→ Description of the task
Repeat exactly the lines of the records below, starting at the line containing "JOINT BASE ELMENDORF-RICHARDSON, Alaska" and ending at the line containing "THRYV HOLDINGS, INC.". Leave the pictures out.

→ Dataset

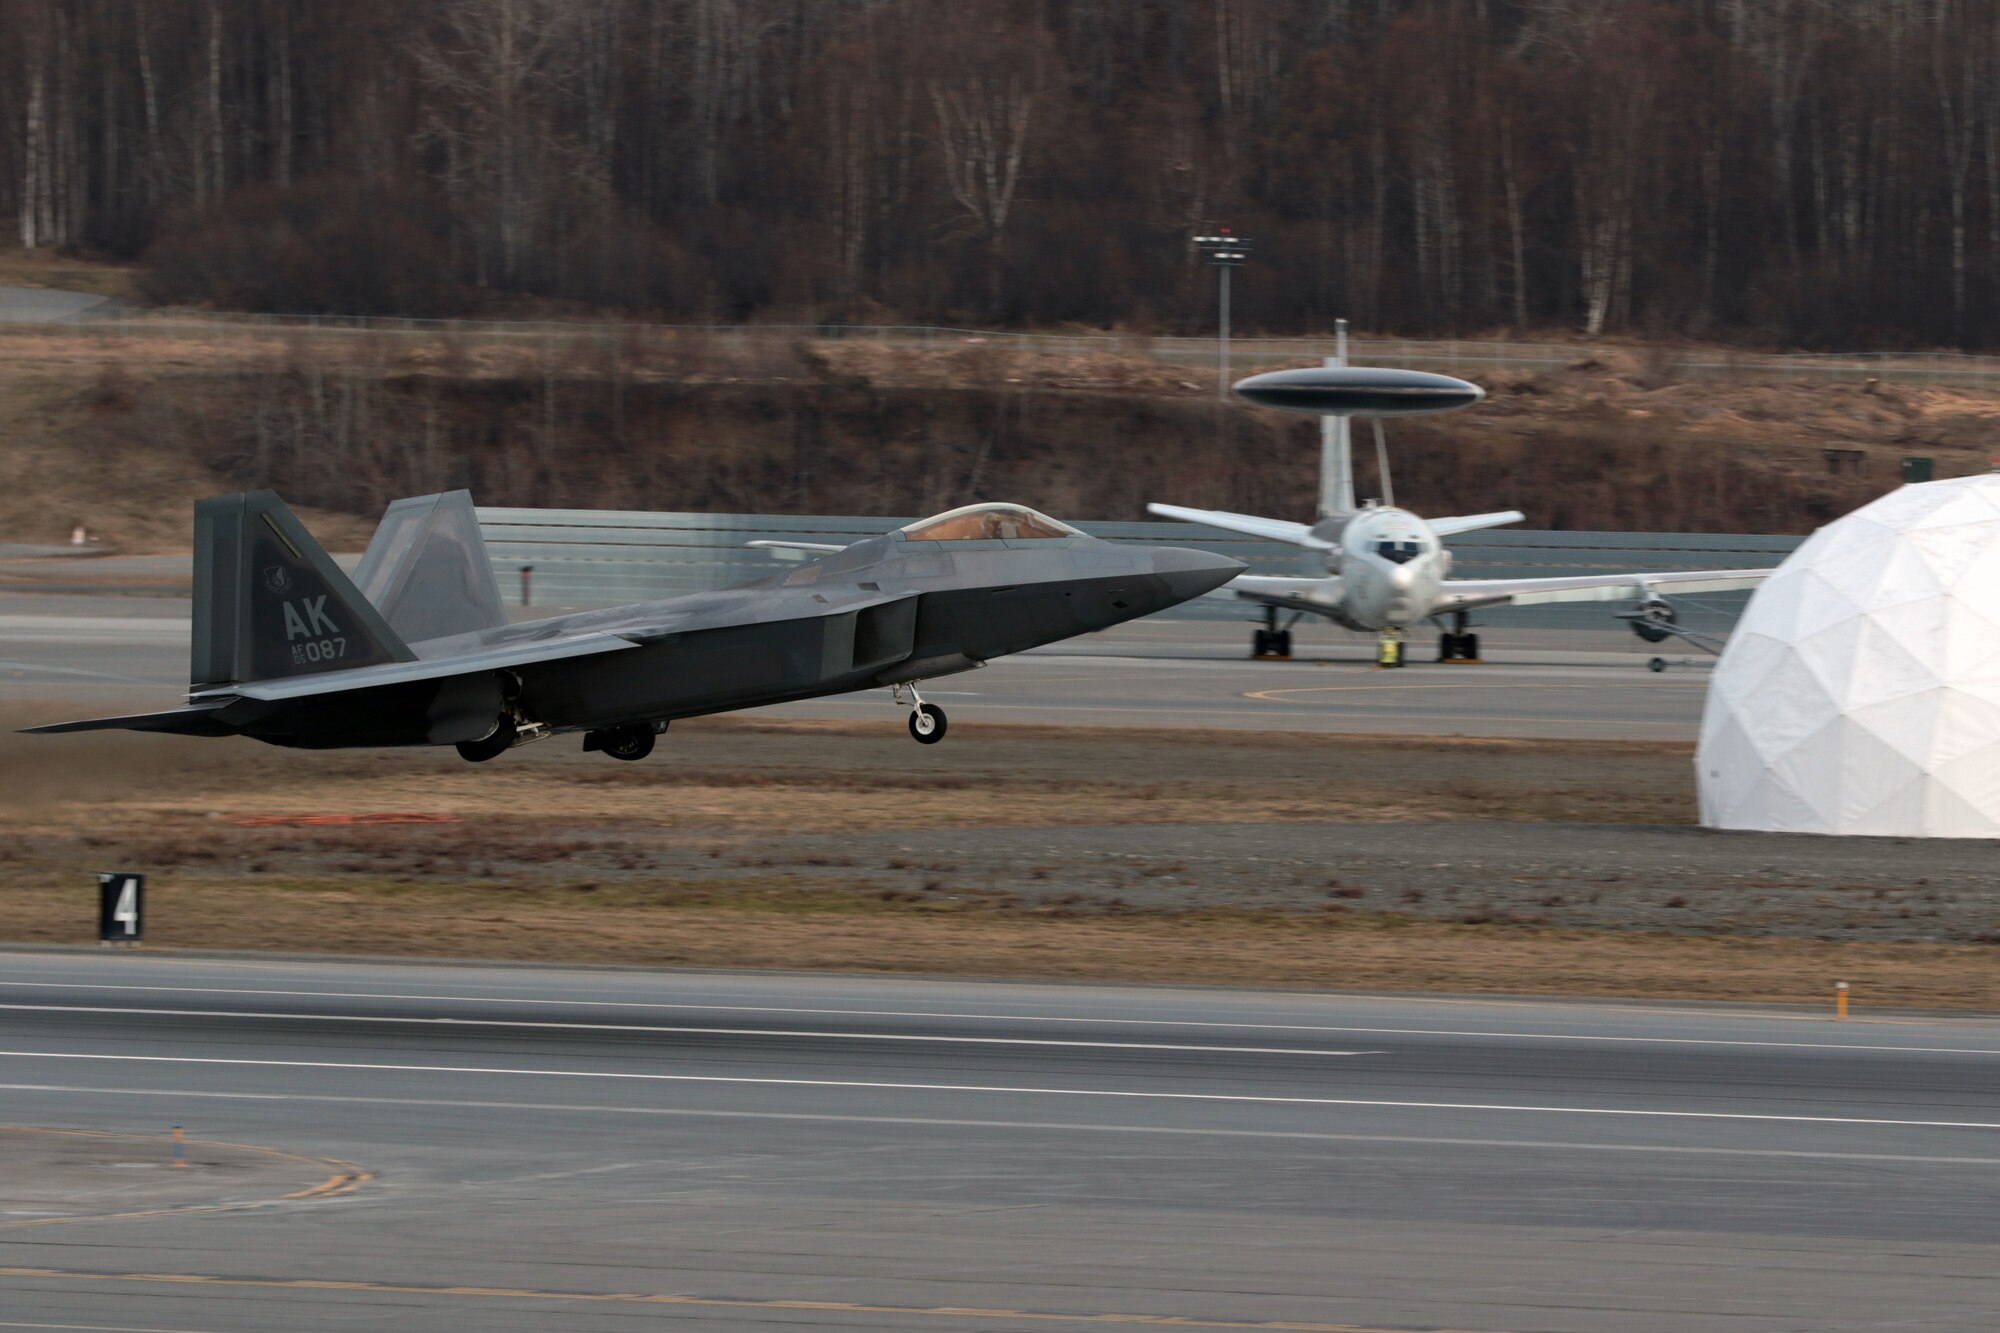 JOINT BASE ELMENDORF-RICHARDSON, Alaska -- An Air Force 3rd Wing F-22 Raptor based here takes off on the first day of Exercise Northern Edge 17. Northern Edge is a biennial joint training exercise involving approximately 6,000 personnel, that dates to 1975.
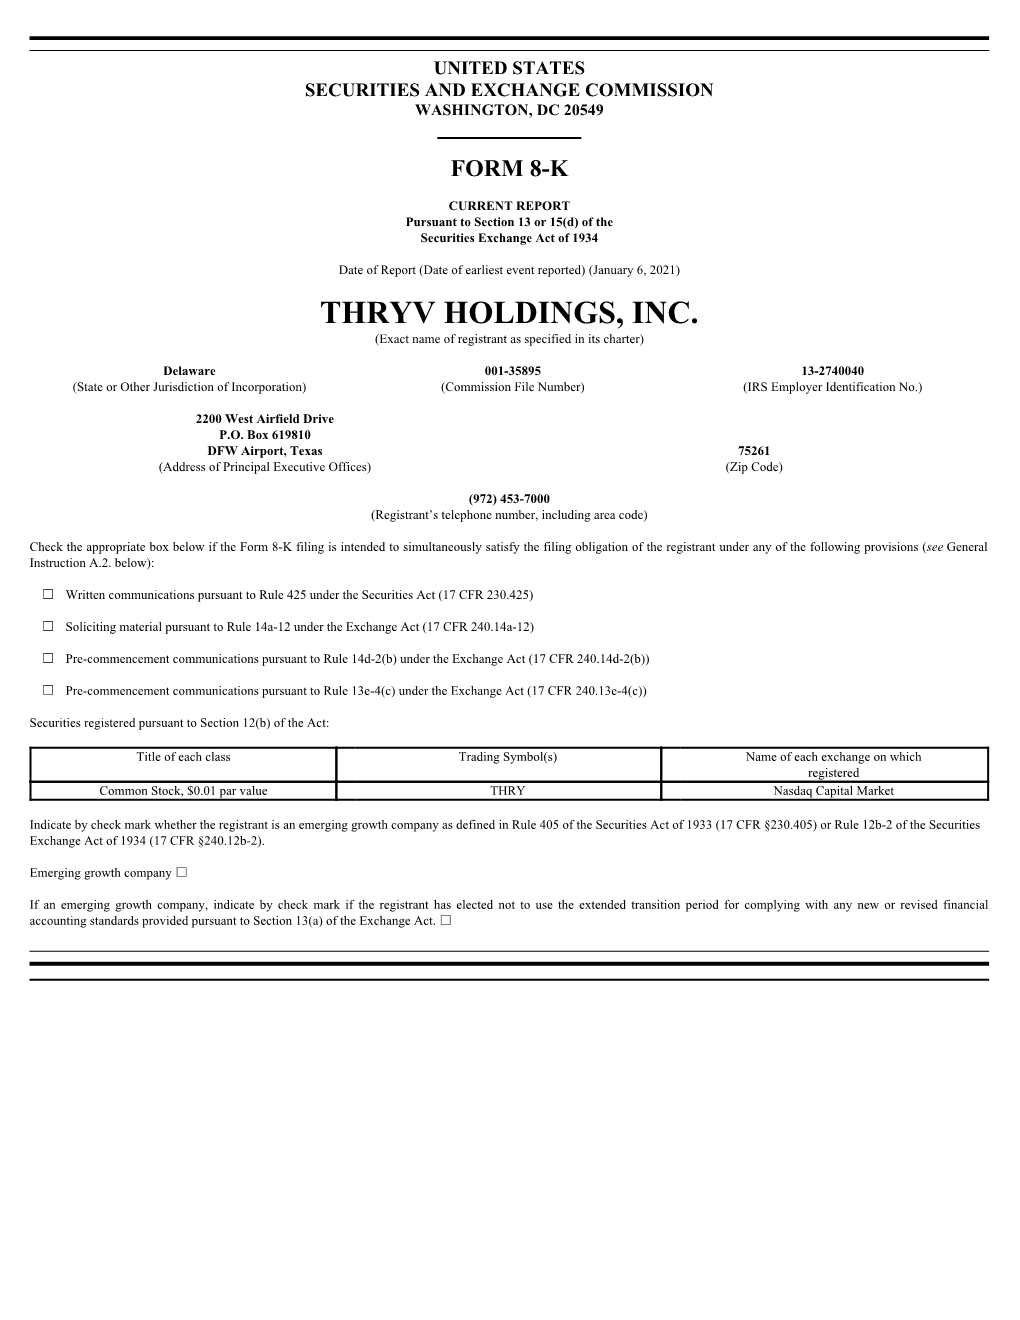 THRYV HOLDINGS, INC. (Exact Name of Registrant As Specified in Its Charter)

--

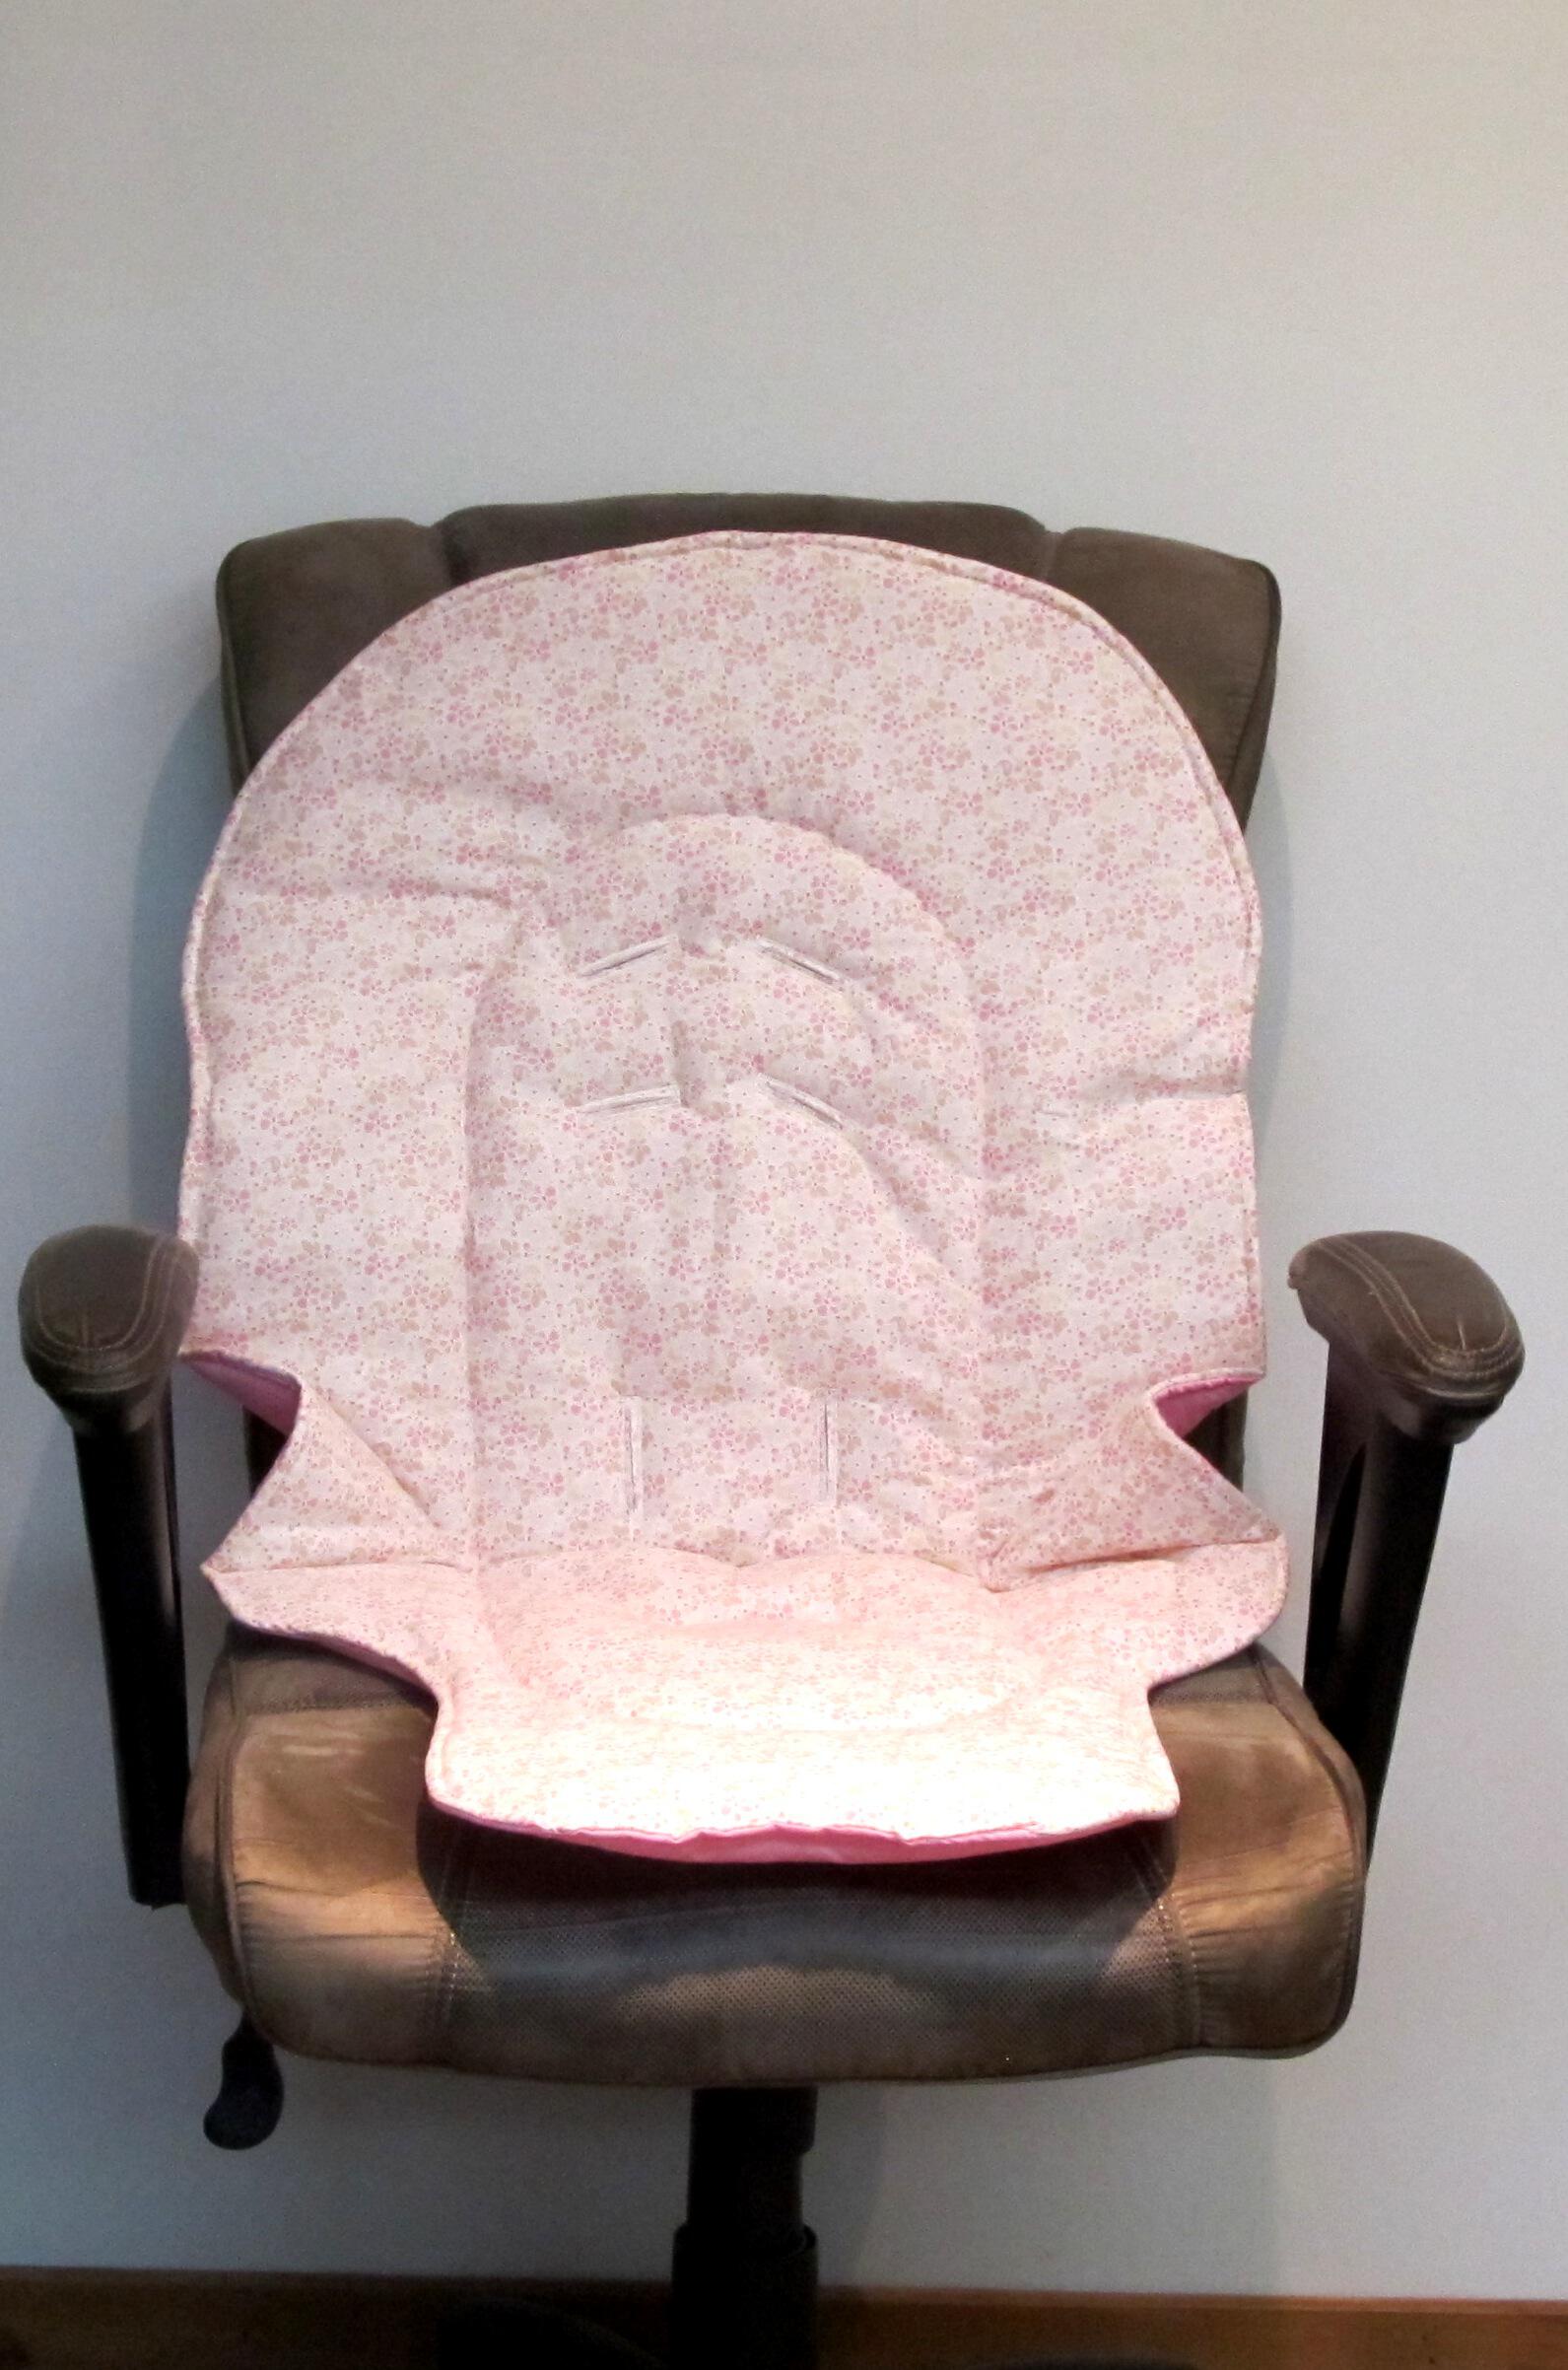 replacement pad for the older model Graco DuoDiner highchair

--

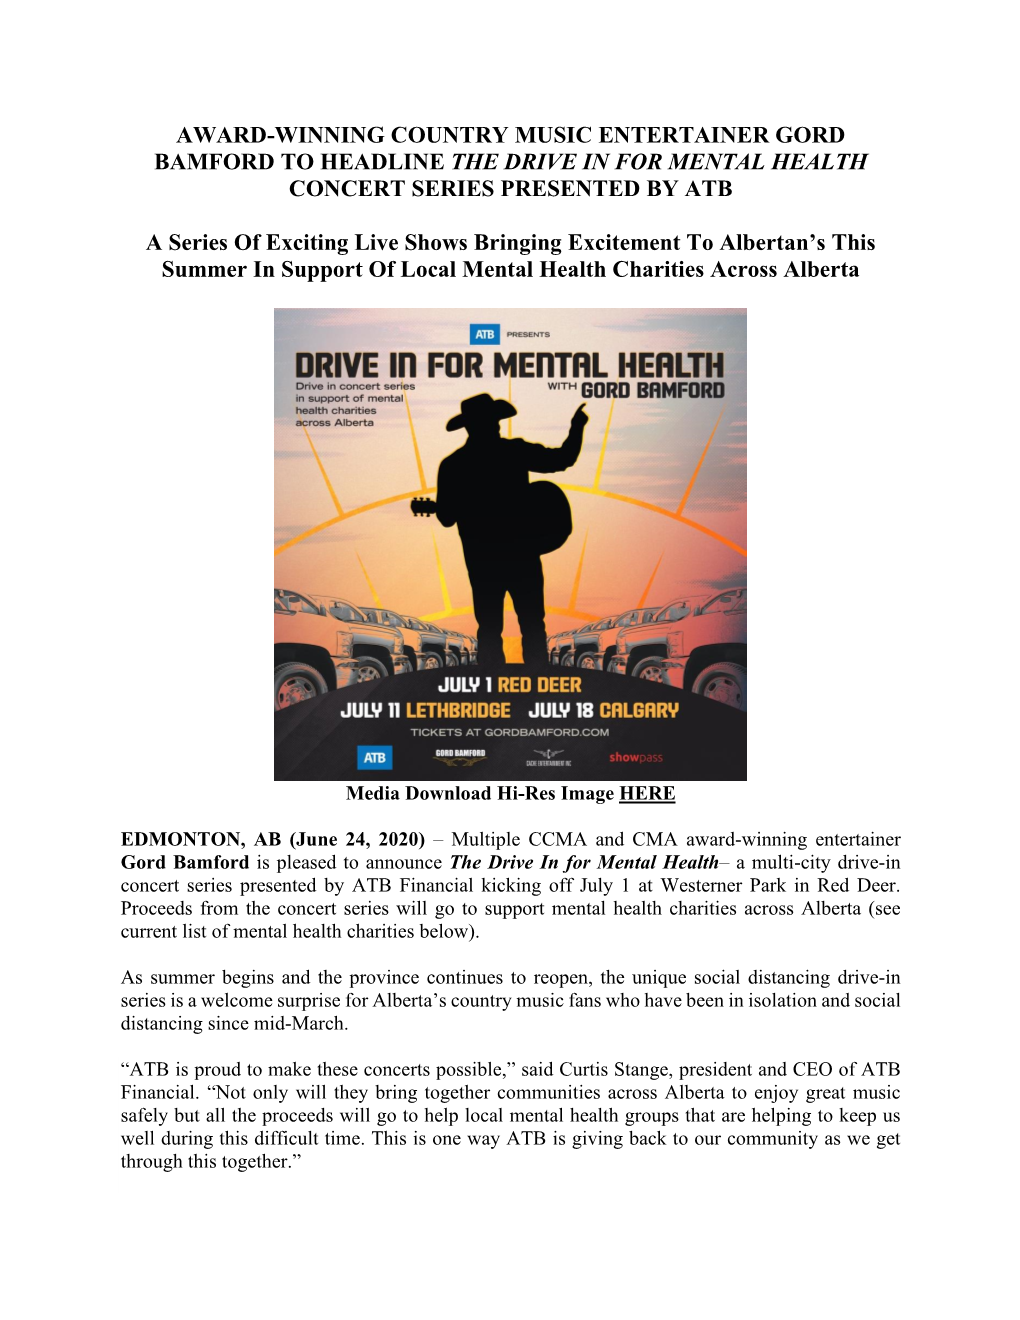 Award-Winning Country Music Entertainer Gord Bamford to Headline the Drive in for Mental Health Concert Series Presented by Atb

→ Written answer
 JOINT BASE ELMENDORF-RICHARDSON, Alaska -- An Air Force 3rd Wing F-22 Raptor based here takes off on the first day of Exercise Northern Edge 17. Northern Edge is a biennial joint training exercise involving approximately 6,000 personnel, that dates to 1975.
 THRYV HOLDINGS, INC. (Exact Name of Registrant As Specified in Its Charter)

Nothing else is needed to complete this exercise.